I. I NTRODUCTION Multiple target tracking [1] is a very compelling problem. Tracked objects appear and disappear from the area under surveillance, sensors yield unreliable and unsynchronized estimates, and even if the latter are correct there is still the issue of matching each estimate to one of the targets in the scene (the so-called data association problem). If no match is found, we could infer that a new target has been detected, but we have to discriminate bewteen real targets and clutter (ocean waves for harbours, foliage movements on streets, etc.). Different policies have to be scheduled in order to efficiently start, maintain and cancel the tracks. In recent years there has been a great interest in robust target tracking [2]. Along with classical approaches, very appealing and recent solutions involve the use of Bayesian probabilistic models [3] [4], or framework based on Gaussian mixtures [5] [6] in which the number of targets becomes another parameter to estimate. The recent target tracking methods share as basic principle the idea of fusing data [7] [8] coming from different and heterogeneous sensors. All these trackers however are severely put to test when we ask them to produce realistic tracks in real applications and not just with simulated data. As a matter of fact, yielding stable and realistic tracks is crucial to develop a system capable of using the track data to recognize abnormal behaviors and situations in complex areas. For this reason we propose a framework based on Forneystyle Factor Graphs (FFGs) [9] in which tracks birth, death and management are naturally addressed within a modular system in which each part of the process is wired into a different
subsystem. More specifically, the flexibility of FFGs allows the designer to divide the algorithm in blocks of different nature (linear/non-linear function, pieces of codes, etc.) and re-use information from other blocks to enhance the track quality. All the user have to do is to coherently define the blocks interfaces and the types of (forward and backward) messages. Belief propagation and combination does the rest. More in general factor graphs seem to provide a simple but rigorous way to resolve composite problems, among which we focus on multiple target tracking. Furthermore, the objectbased structure of the factor graphs can be easily reproduced in software, by using programming languages based on objects, or realized in hardware, by wiring the probabilistic network in application-specific circuits as FPGA. The system presented in this paper fuses information from previous estimation steps and from the sensors.

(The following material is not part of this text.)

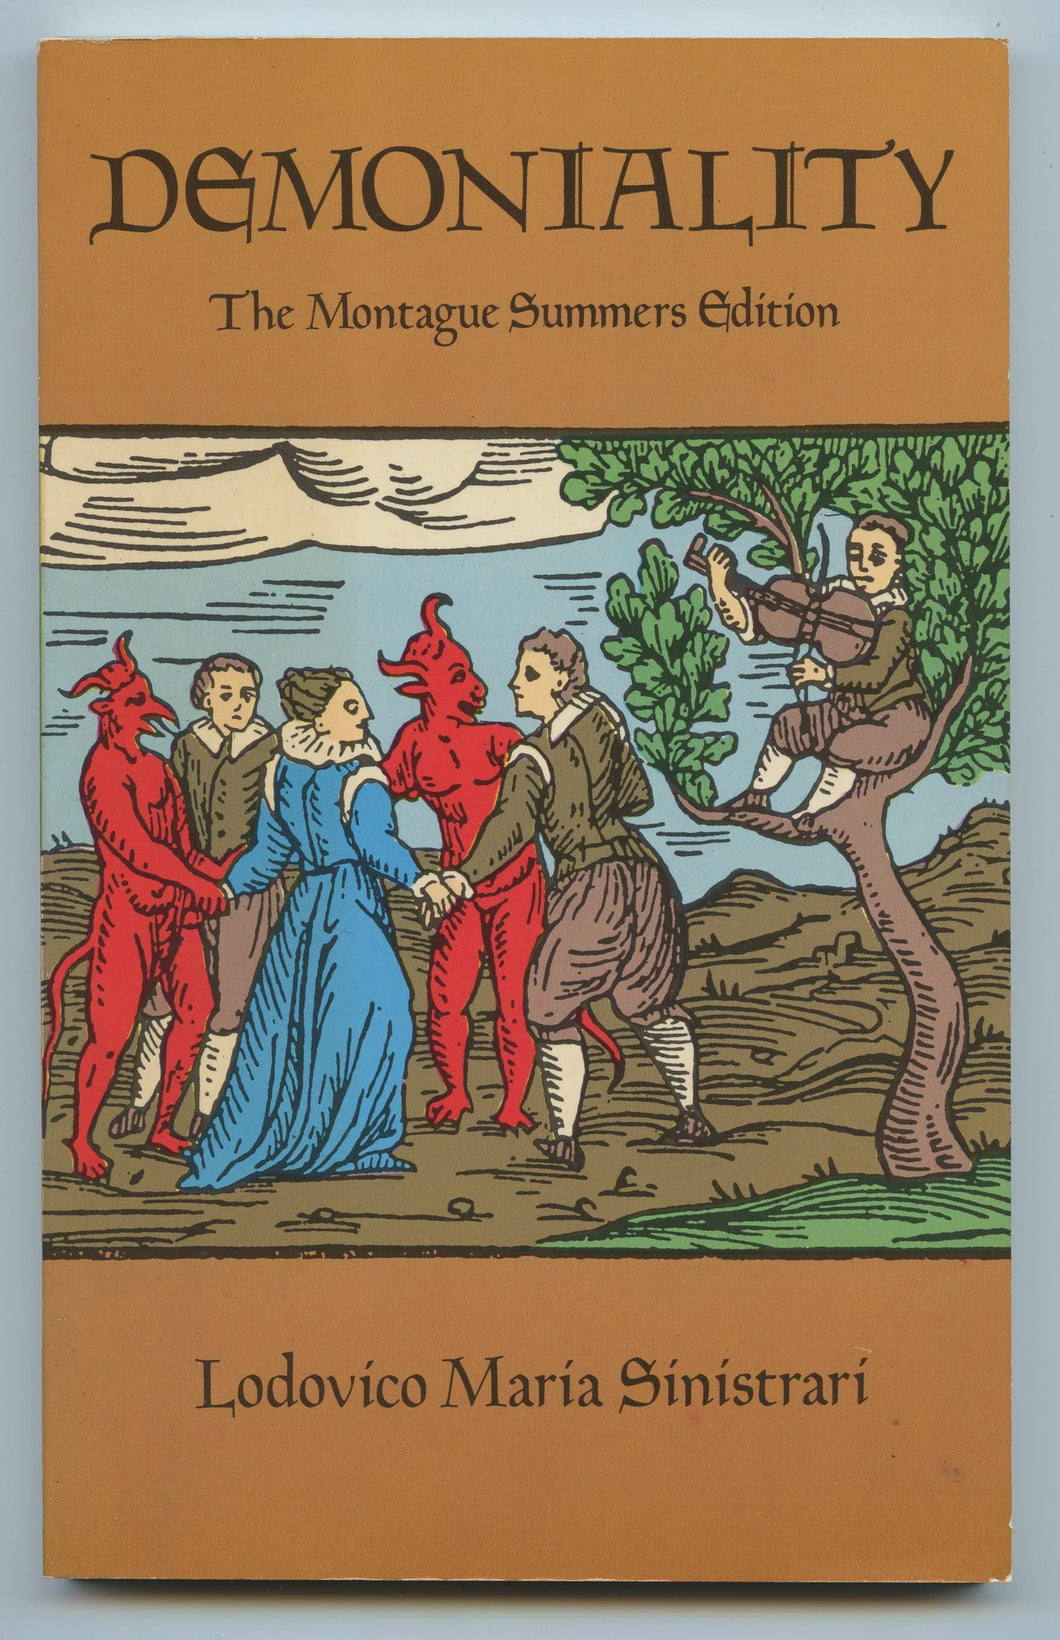 Demoniality: The Montague Summers Edition
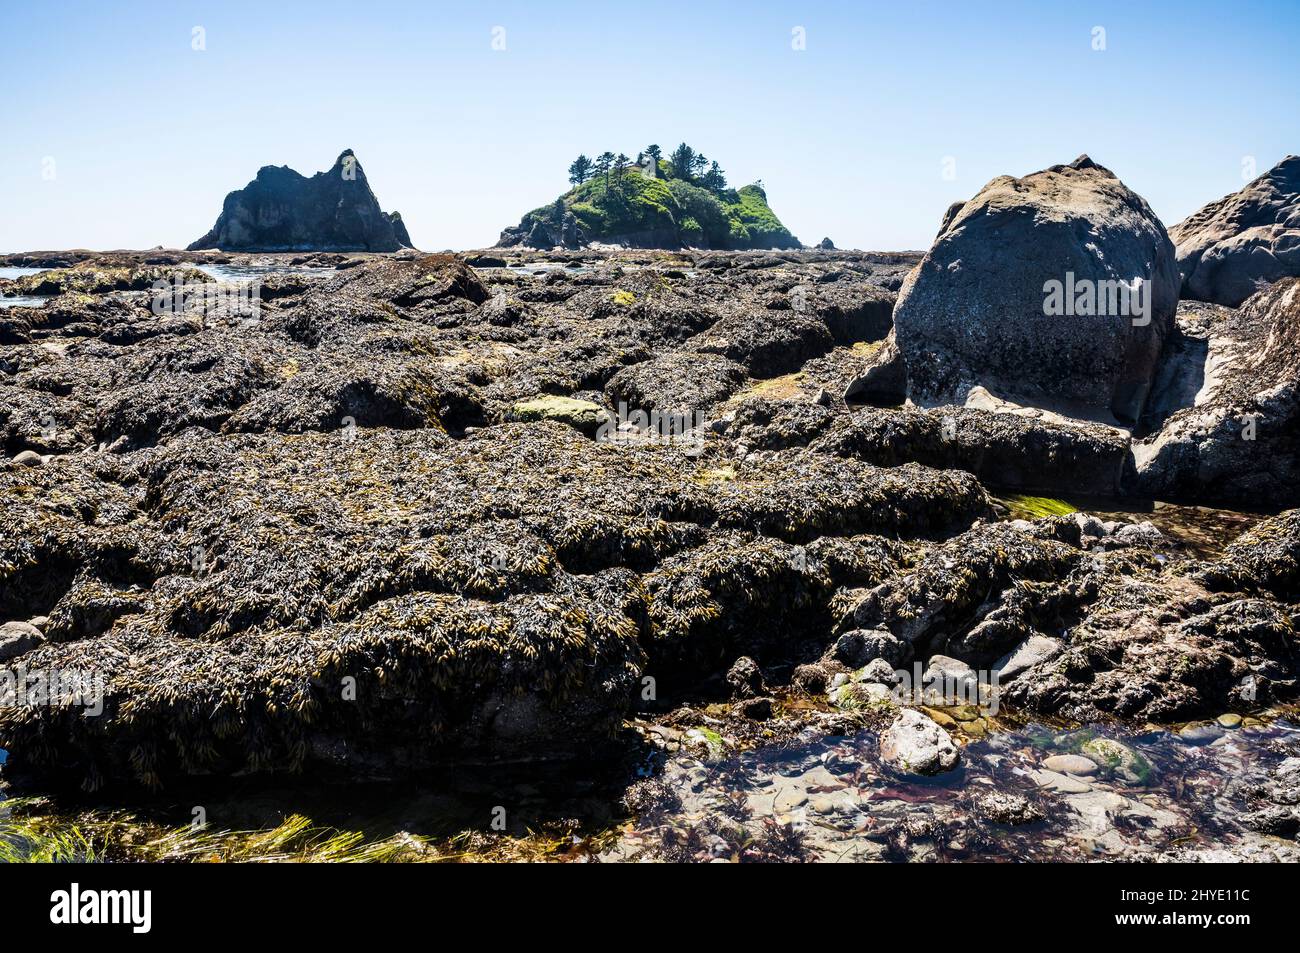 Toleak Point, Low Tide, Mid day, Olympic National Park and Marine Preserve/sanctuary, Washington, USA. Stock Photo

Here the reference sensors are visual cameras [10] [11] [12], but, given the modular nature of the framework, other sensors as Radar, infrared cameras, etc. could be integrated without much efforts. We leave this extension to future works. Information can also flow towards the sensors to increase their accuracy, or to ease their work in locating objects in the image. This paper can be considered as an extension of [13], in which is achieved single object tracking with FFGs. The paper is structured as follows. In Section II the factor graph underlying the framework is presented and the blocks composing the system are analyzed. Section III shows a preliminary test of multiple tracking using real data coming from an harbour. Section IV draws conclusions and suggests future developments. II. T HE FACTOR G RAPH In this section we present the general architecture of our framework, depicted in Figure 1 for a discrete time-step k ∈ N. We denote the state of the system as sk = {s1k , s2k , .., sO k }, where O is the number of tracks and sik = (Xki , Yki , X˙ ki , Y˙ ki )T is the object state at time k, with (Xki , Yki ) positional coordinates and (X˙ ki , Y˙ ki ) speed variables. The system is synchronous and at each discrete-time step k all the information coming from the dynamic model and the vision systems is embedded into a unique pipeline. The great feature of factor graphs [14], specially in their Forney-Style normal form [9] [15], is that, through the use of
Fusion Block
Model Block
...
...
+
Camera Block
...
+
Fig. 2. The model block based on the nearly-constant velocity dynamic model.
...
Fig. 1. The FFG architecture for the time k. The estimates from the visual sensors C 1 , .., C N are fused with the tracks updated by the target dynamic model.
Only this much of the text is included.